Will Success Spoil SMS?
Signaling-monitoring solutions can help carriers with SMS challenges such as bandwidth demand, message verification and QoS.
Increasing Bandwidth Demand
The elegance as well as limitations of delivering short messages comes from the fact that these messages are carried on the SS7 signaling network. This allowed carriers to offer the ability to send and receive text messages to and from mobile telephones quickly and cost-effectively. For subscribers, this means that they can send and receive SMS while they are on a voice, circuit-switched data or fax call. However, the signaling channel is used for multiple purposes besides SMS such as call-completion management and mobility management. Considering the staggering growth in SMS service, carriers are concerned about potential service outages due to over use of scarce signaling resources. Some already have limited the number of messages people can send. SS7 network planning has become business-critical to accommodate SMS traffic.

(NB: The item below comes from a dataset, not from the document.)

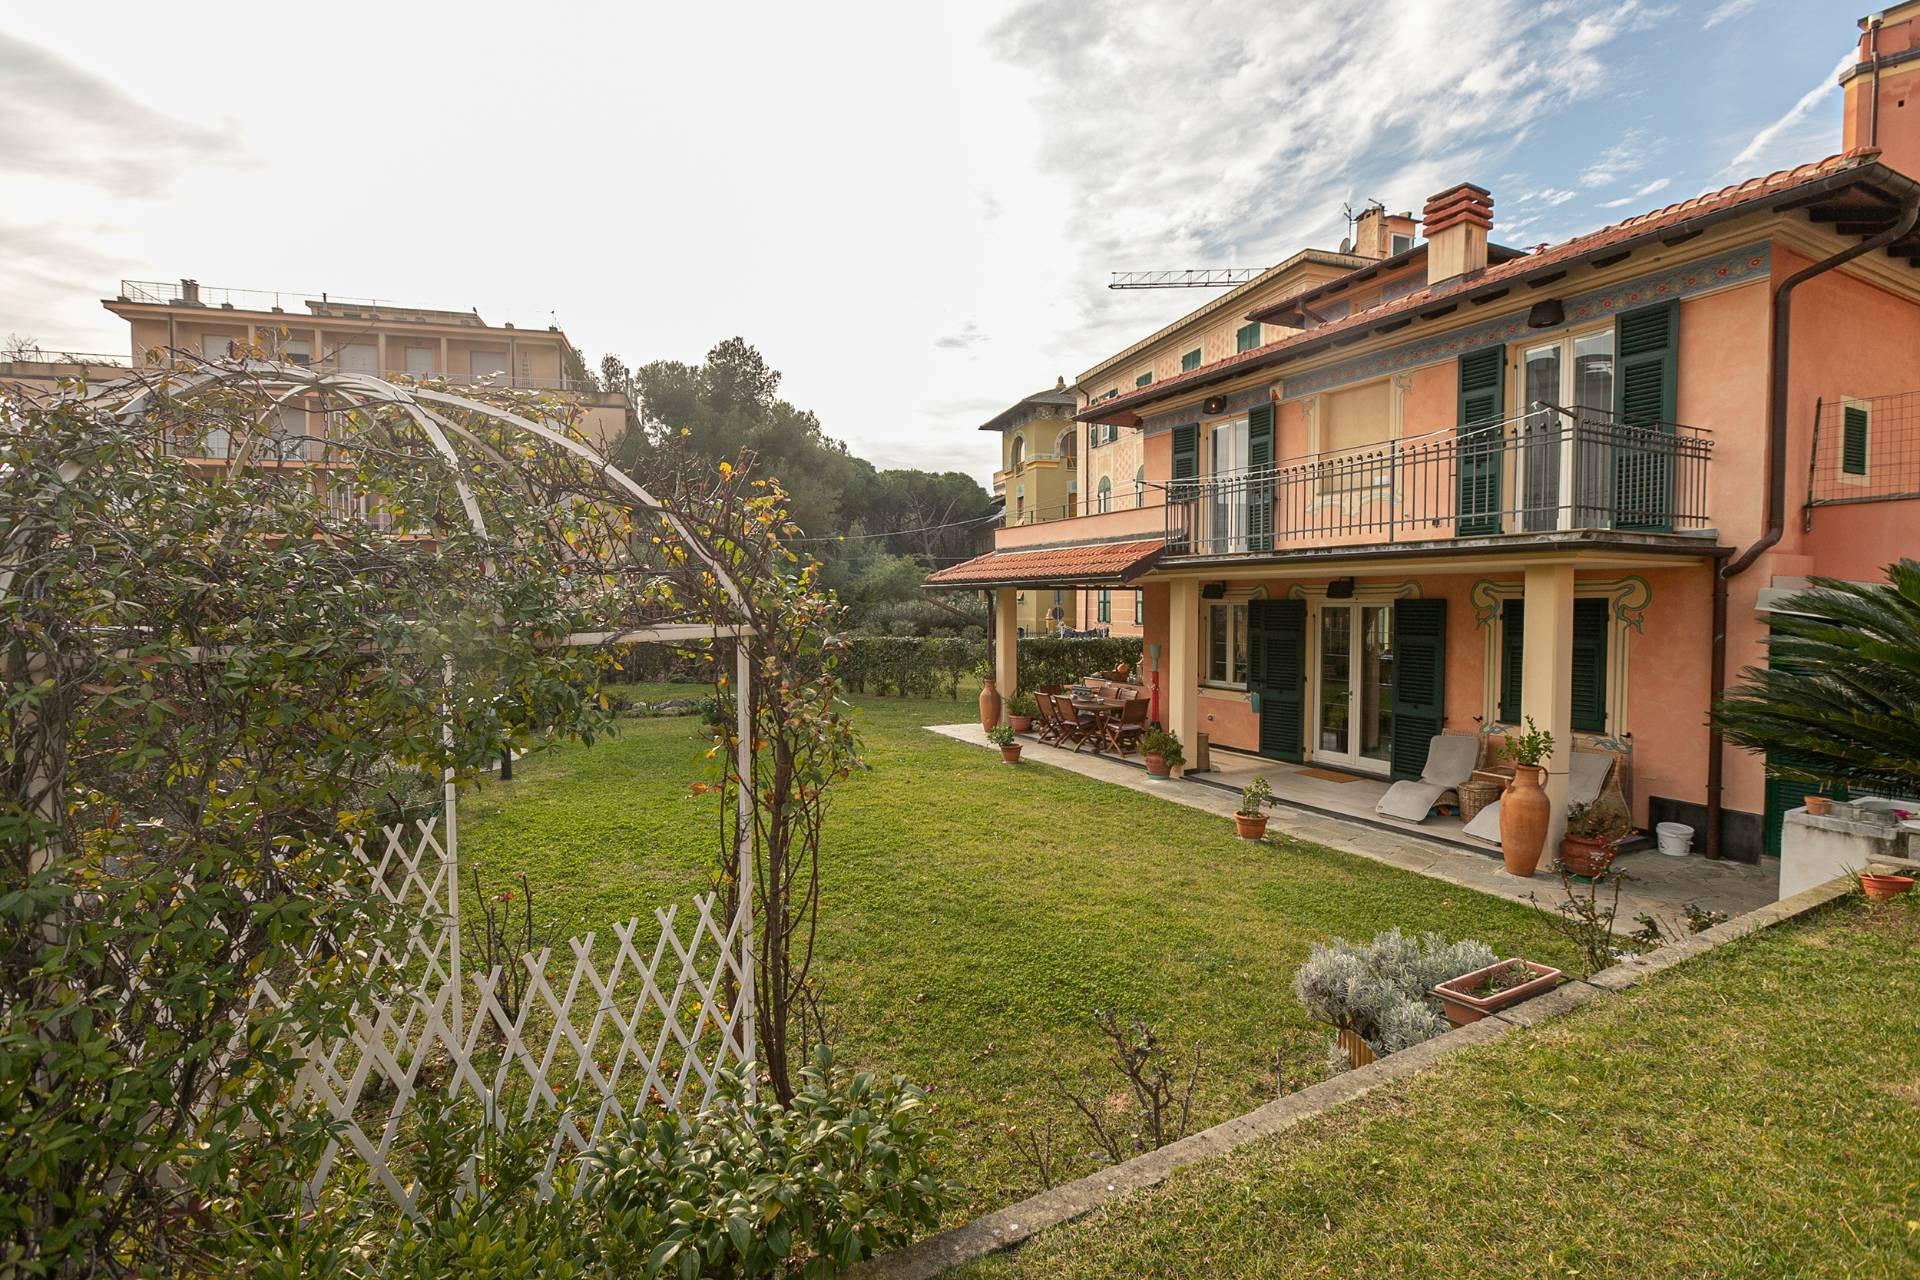 Villa in vendita a Arenzano, 9 locali, zona Località: CentroStorico, prezzo € 1.190.000 | CambioCasa.it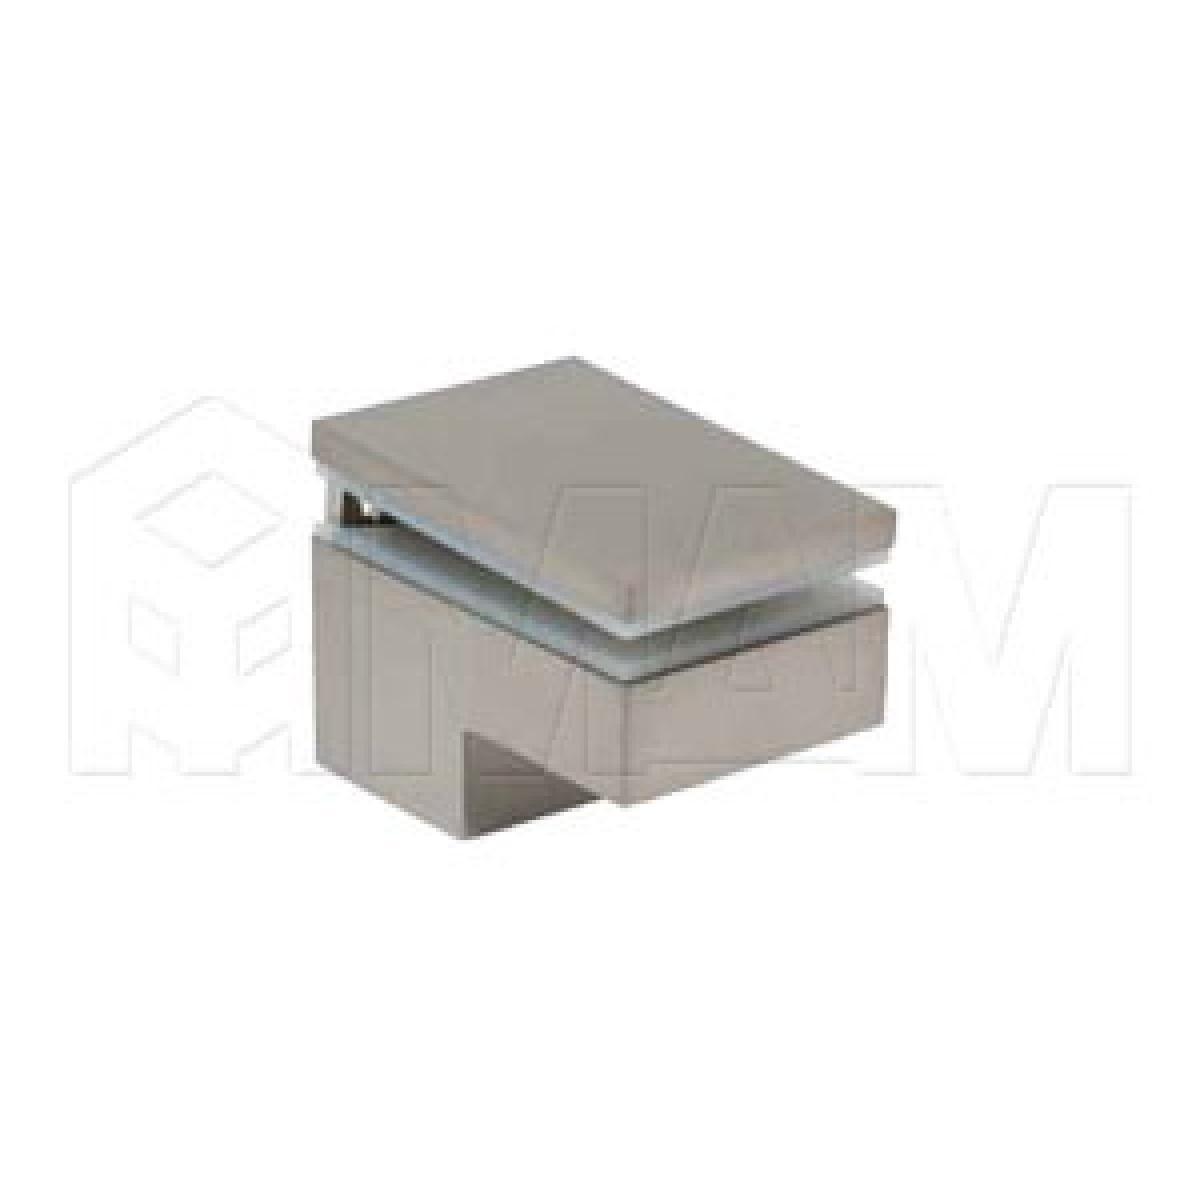 Менсолодержатель 40Х60 мм для деревянных и стеклянных полок 6 -25 мм, никель (2 шт.)

Even if there are only minor QoS issues due to the degradation in service, the financial impact could be tremendous. In most of Europe and parts of Asia, visitors to a carrier’s network, typically high-margin customers, can switch to competitors within seconds if their calls and SMS messages are not successful. In addition, interconnect partners may not pay termination charges for SMS messages that were not delivered.
To measure the usage of the SS7 network and to effectively plan for growth in SMS traffic as well as voice traffic, carriers are relying on SS7 monitoring solutions. These solutions provide them with information in real time for operational purposes as well as allowing them to study the trends and plan for growth.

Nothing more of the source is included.